Anyway it was a good show, a solo presentation by Cousins, who will be back with the entire band, by the way, on June 13 at the Stage, and that should be quite an event. But meanwhile Cousins presented our small audience with a slice of life not just as a singer-songwriter, but as a troubadour who had dealt with stardom and big rock icons and all the rest. And here he is, somewhere a little over 60 years old, still plying his trade and telling these really quite incredible stories behind each song.

As I drove home trying to figure out exactly what I heard, I was thinking about this person who still is doing international touring and traveling all over the green earth to play to a crowd of about 100 people in a small Ohio college town. And I was mulling over my strangely spent day. It didn't seem to be all that productive, despite all that had been done with room for roughly a two-hour siesta, some of which I think surely must have been spent sleeping when I wasn't coughing. I've been turning over in my head the last week or two how I just don't think I'm using my time wisely, or working as hard as I could be, or worrying about the right things, or really learning anything truly new to put to actual use.

On my way out of the office I took a call from my X's sweetheart, a woman not quite my age with enormous family obligations, work, and school. She's not someone I've had much of a chance to get to know but what I do know is that her shoulders must be killing her. And yet she has really a very positive attitude, looking forward to the day when she can focus on her family and a single job rather than the several she juggles as part of and in addition to her going to school. There are people like her all around the country and we're all worried about getting sick, losing our jobs, and paying $3.50 a gallon for gas (the going price this week, although I used points I'd racked up tonight for a $36 fill-up -- a bargain any way you look at it). It's easy to lose sight of the bigger picture in those times, and some folks like C have to work to keep it in view I imagine so that they don't go bananas.

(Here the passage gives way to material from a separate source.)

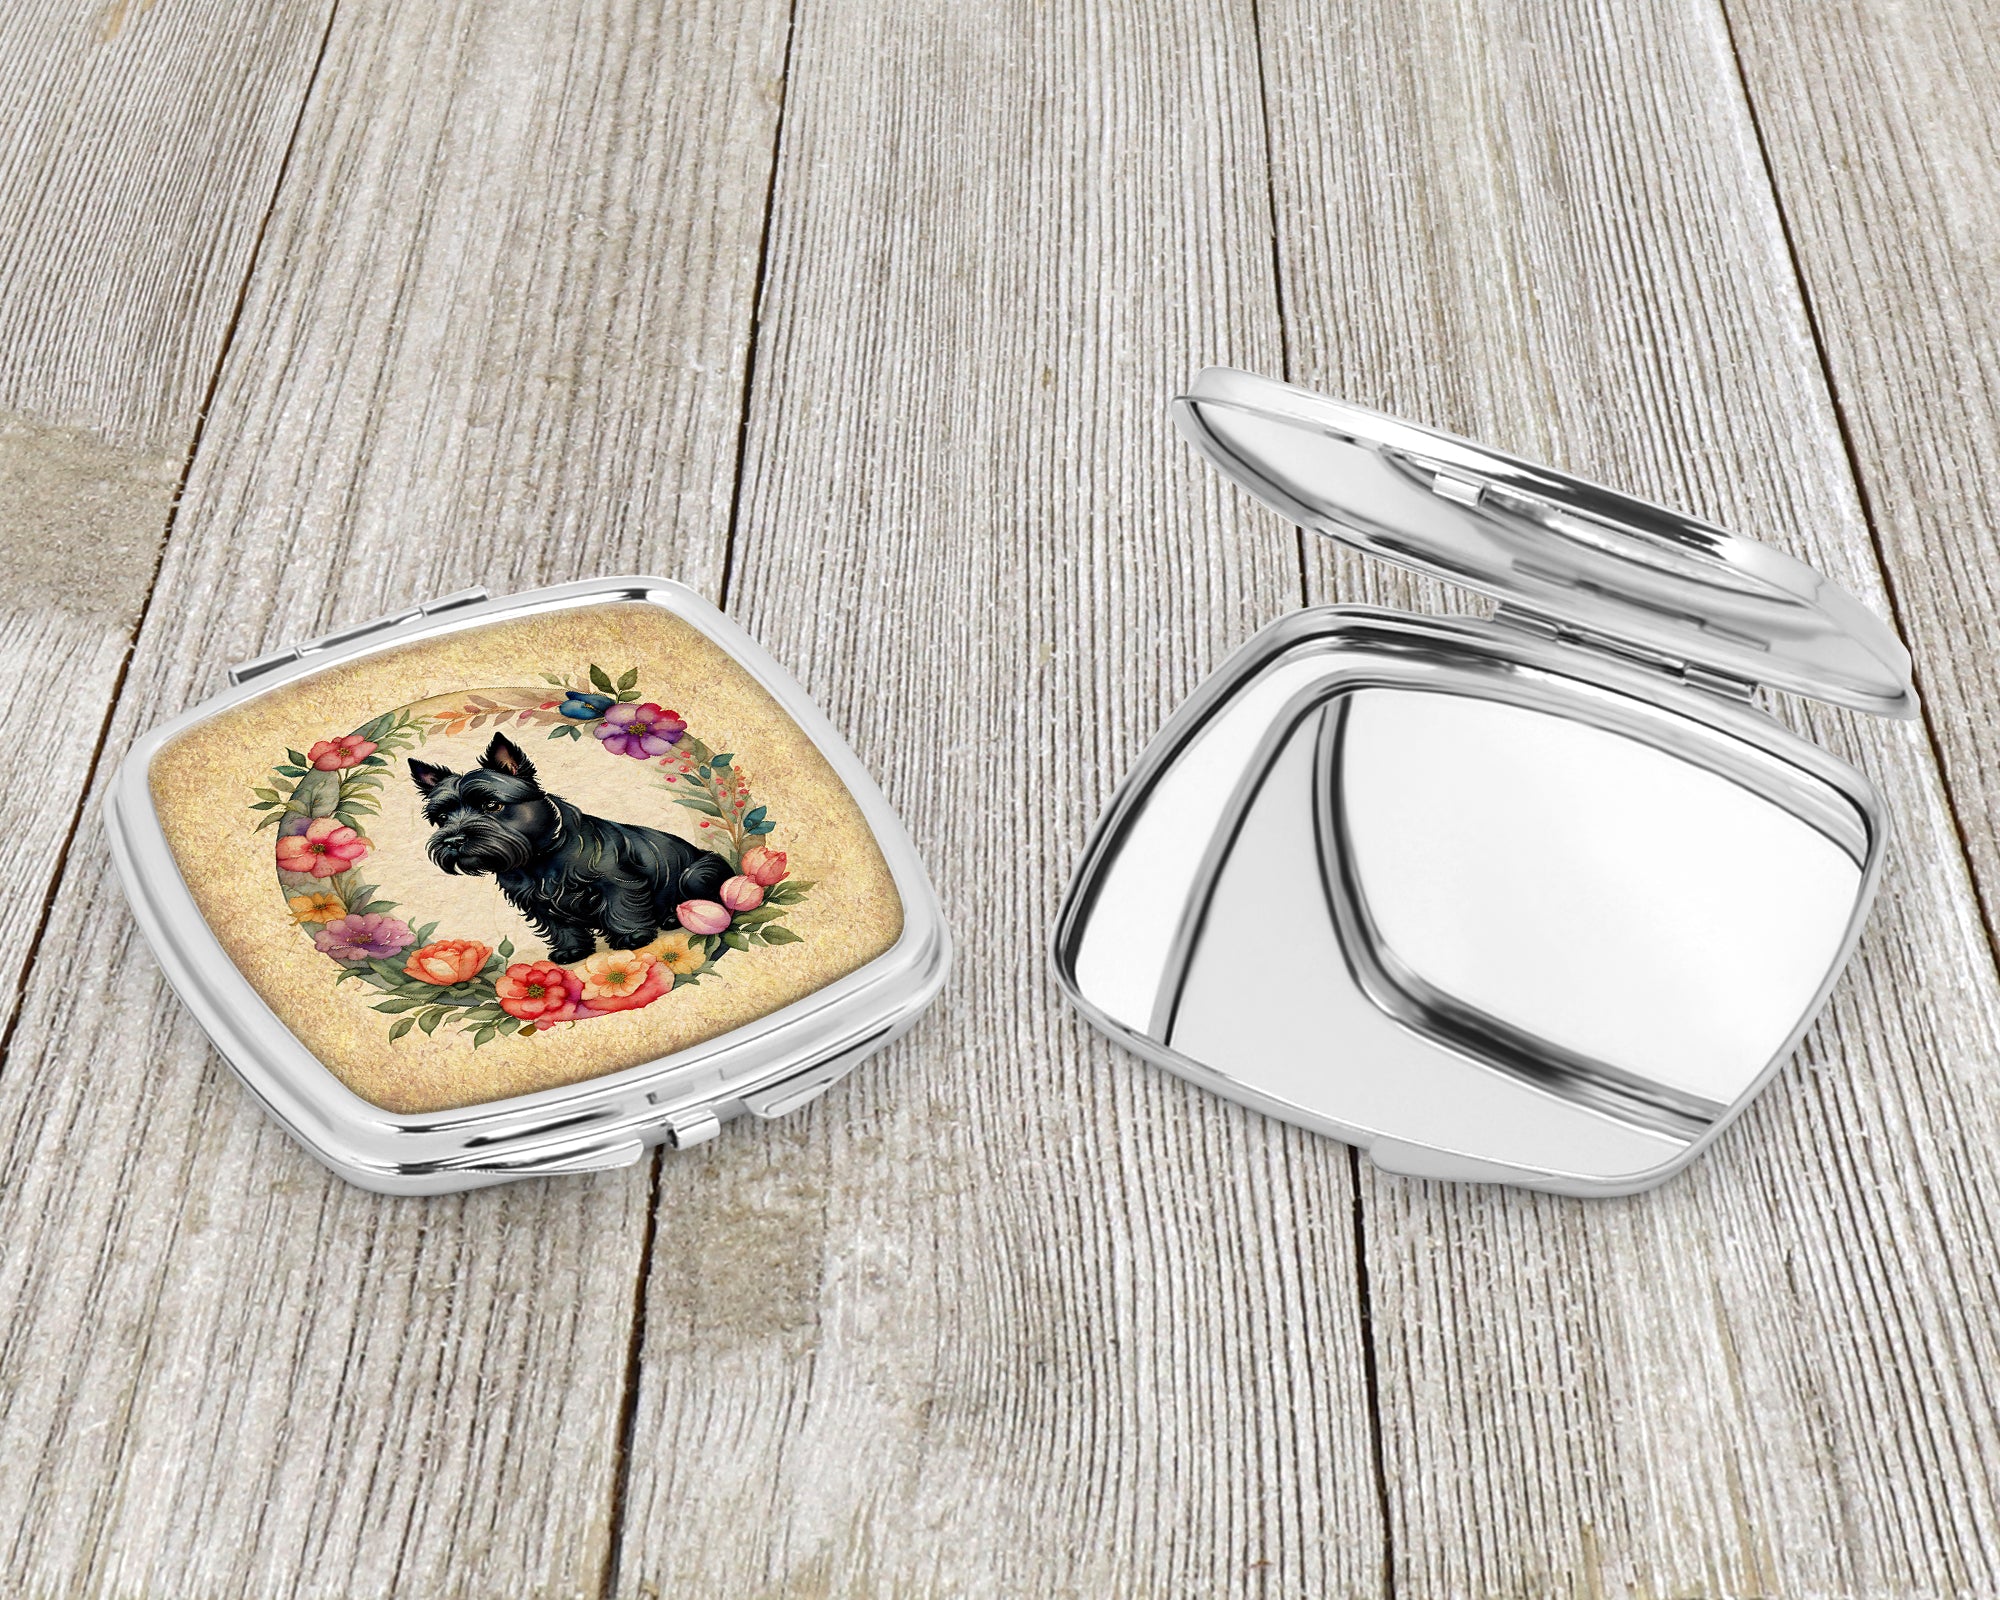 Scottish Terrier and Flowers Compact Mirror

As I drove along Route 43 tonight back to my cozy and quiet flat, it occurred to me that I need to start worrying about things besides the fill-up and the grocery bill. Those will be there, regardless. I can still worry about finding another job, which seems every now and again to be imminent and I fear after the rush of work we've had that we might be in a very low-tide stage again. But even then, what should I be doing with my time? What divides the genuinely hard work I do from the kind of grueling, often last-minute busy work I do to prepare our firm to present candidates? Am I capable of doing the kind of hard work it must take to get and keep my own clients in house? Will my principals trust me to do that? And after this, what next? What work should I be doing to prepare myself for my next role wherever it is, and how will I find one that makes sense for me and still allows me to keep us fed and our modest roof over our heads? Will I have a chance to lead a team again? What will that look like?

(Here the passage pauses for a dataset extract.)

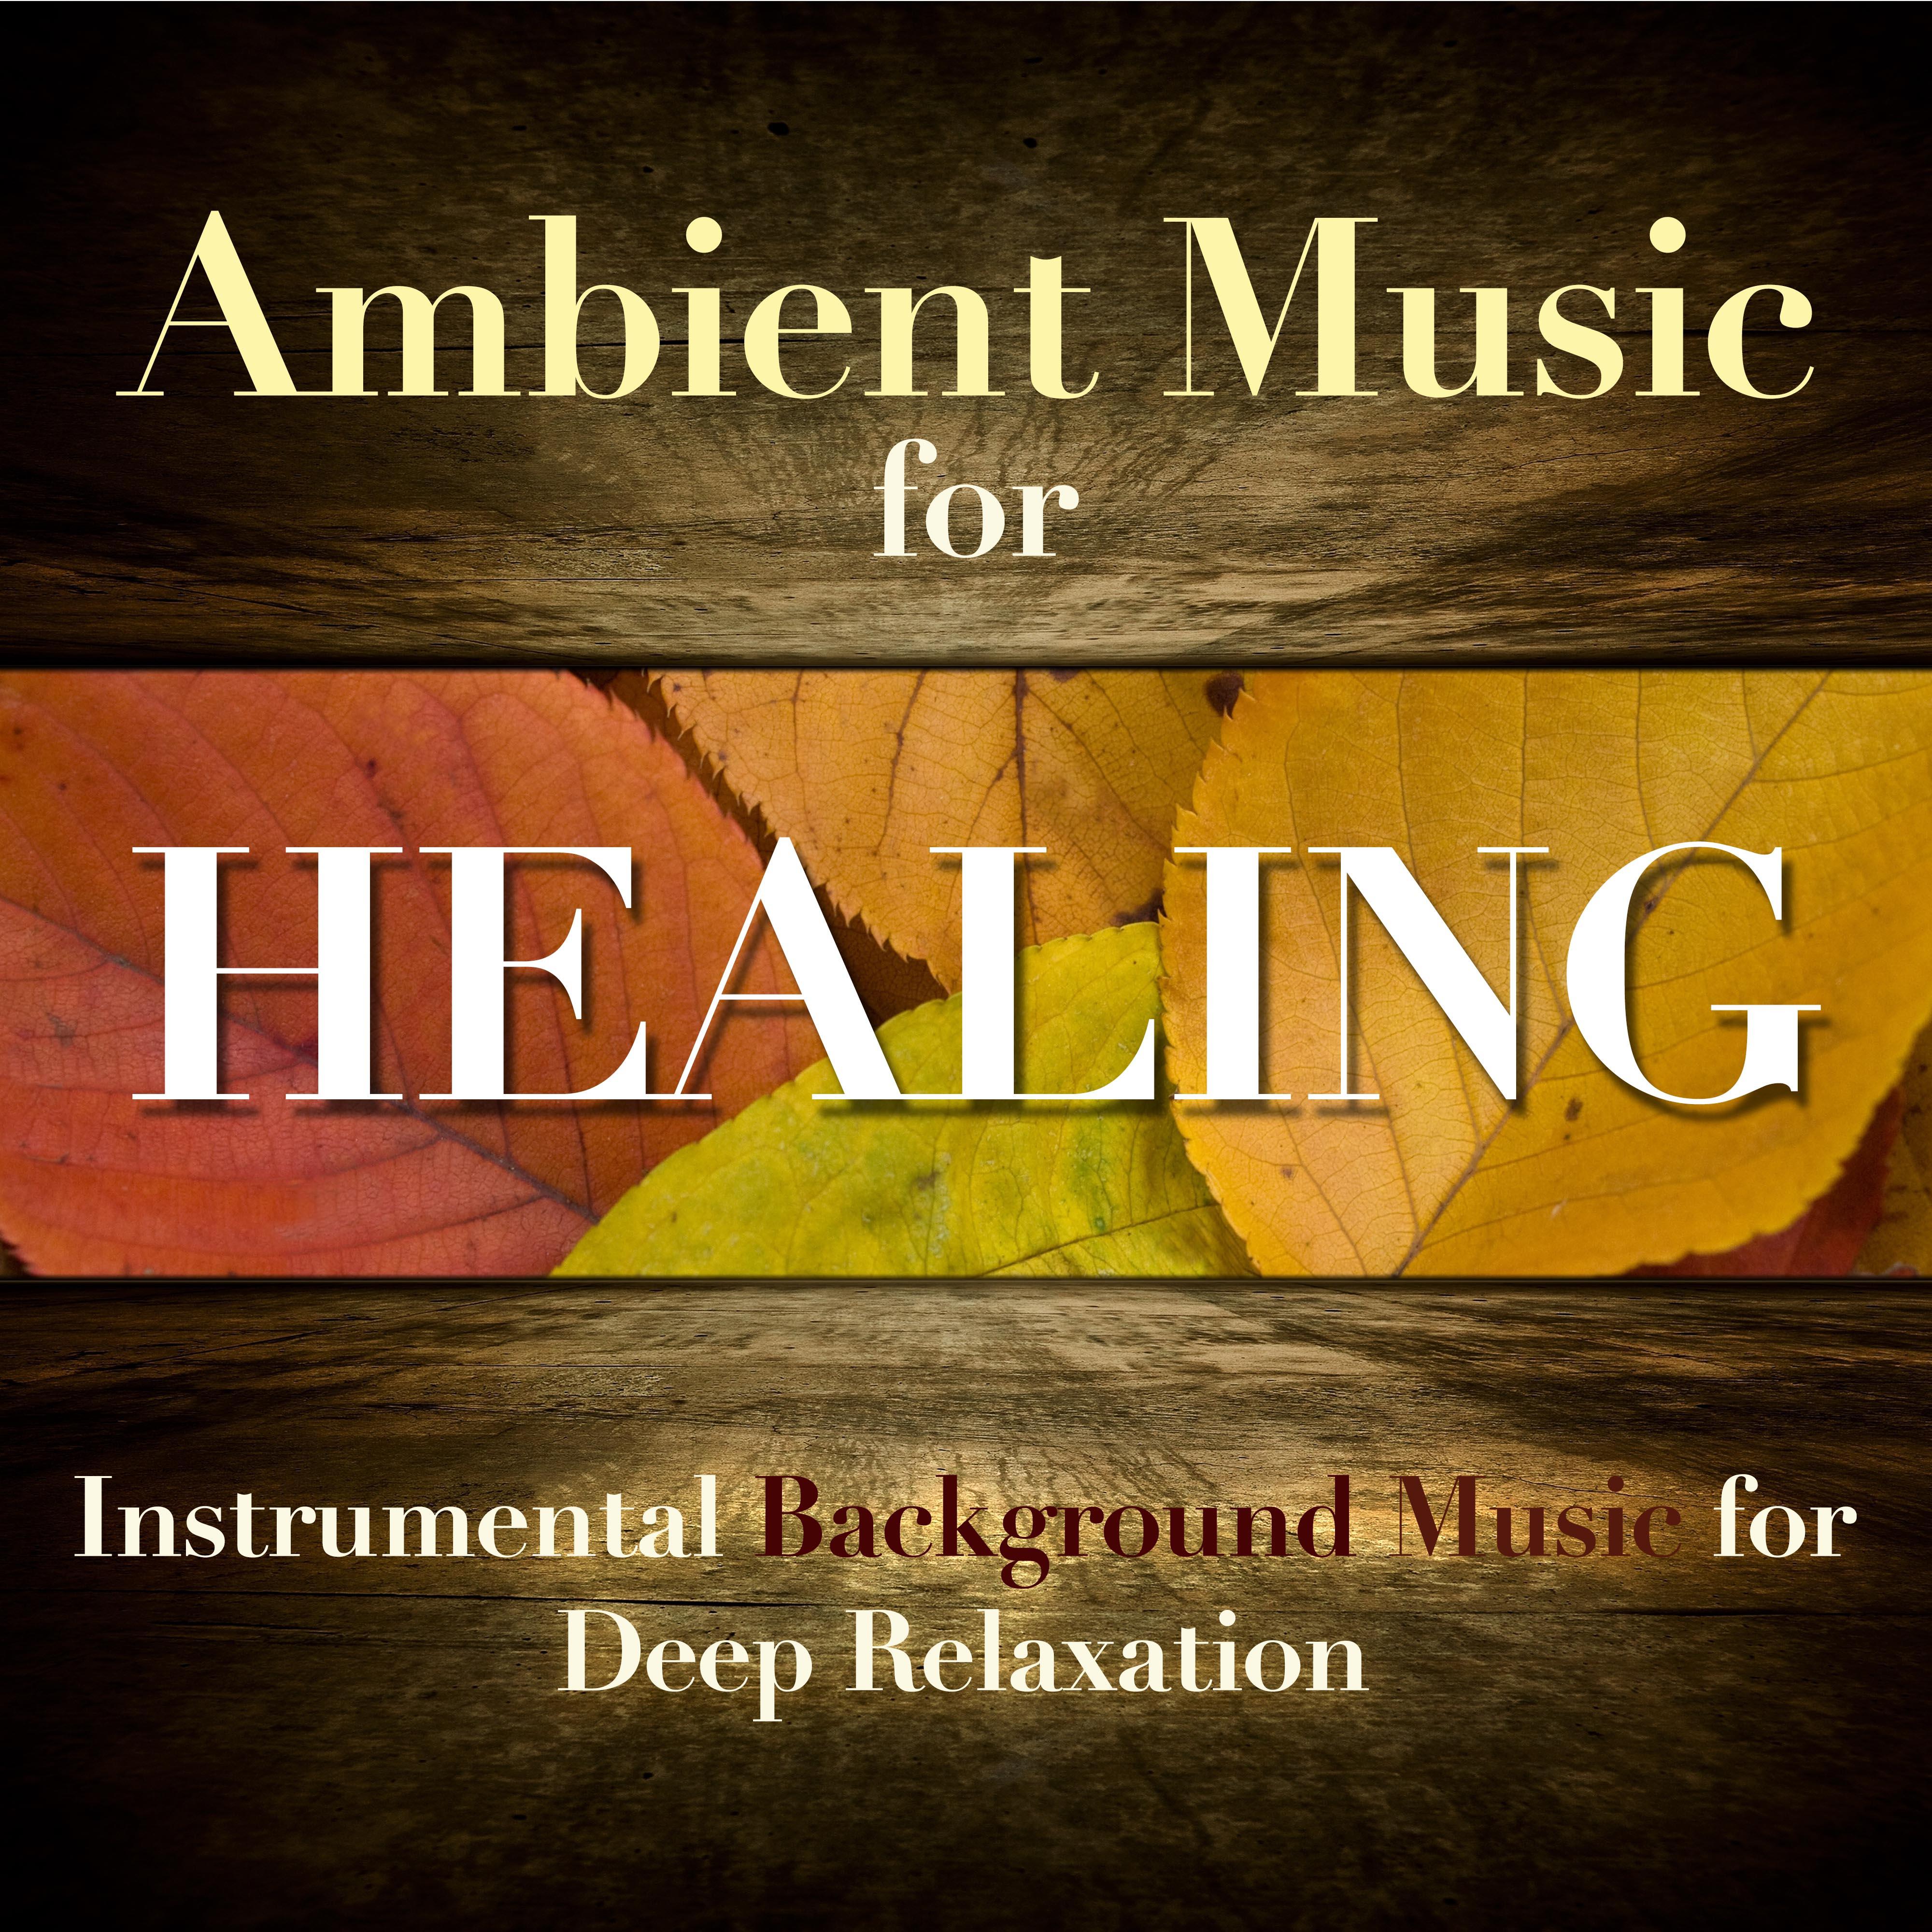 Ambient Music for Healing: Instrumental Background Music to Relax and Find Peace and Tranquil States of Mind

Time to change pace. After all the looking forward to this year I've done, it's nearly a quarter of the way gone. Nothing significant has changed, other than my added exercise routine which is generating more energy even in my underweathered bronchial state. Time to put that energy to do hard work, satisfying work, paid work, or the work of learning new skills and deepening present skills so that I can find that right way to finally come into service at the level I'm really capable of and in a capacity that makes perfect sense. I am mission driven, and it's time to really seek out or create a new or expanded mission and actualize it into purposeful breadwinning work.

Tonight Cousins did a song he wrote about a 19th century Englishwoman named Grace Darling. Miss Darling made history when she and her Lightkeeper father rescued 9 sailors from a wreck offshore using a small row boat. She was 22 at the time, and died only six years later, having never lived anywhere other than the Longstone Lighthouse. But having saved those sailors with her father was a great service and a very brave thing. Dave wrote this tune to honor her and also wrote it as a love song to unflagging folks who keep the light.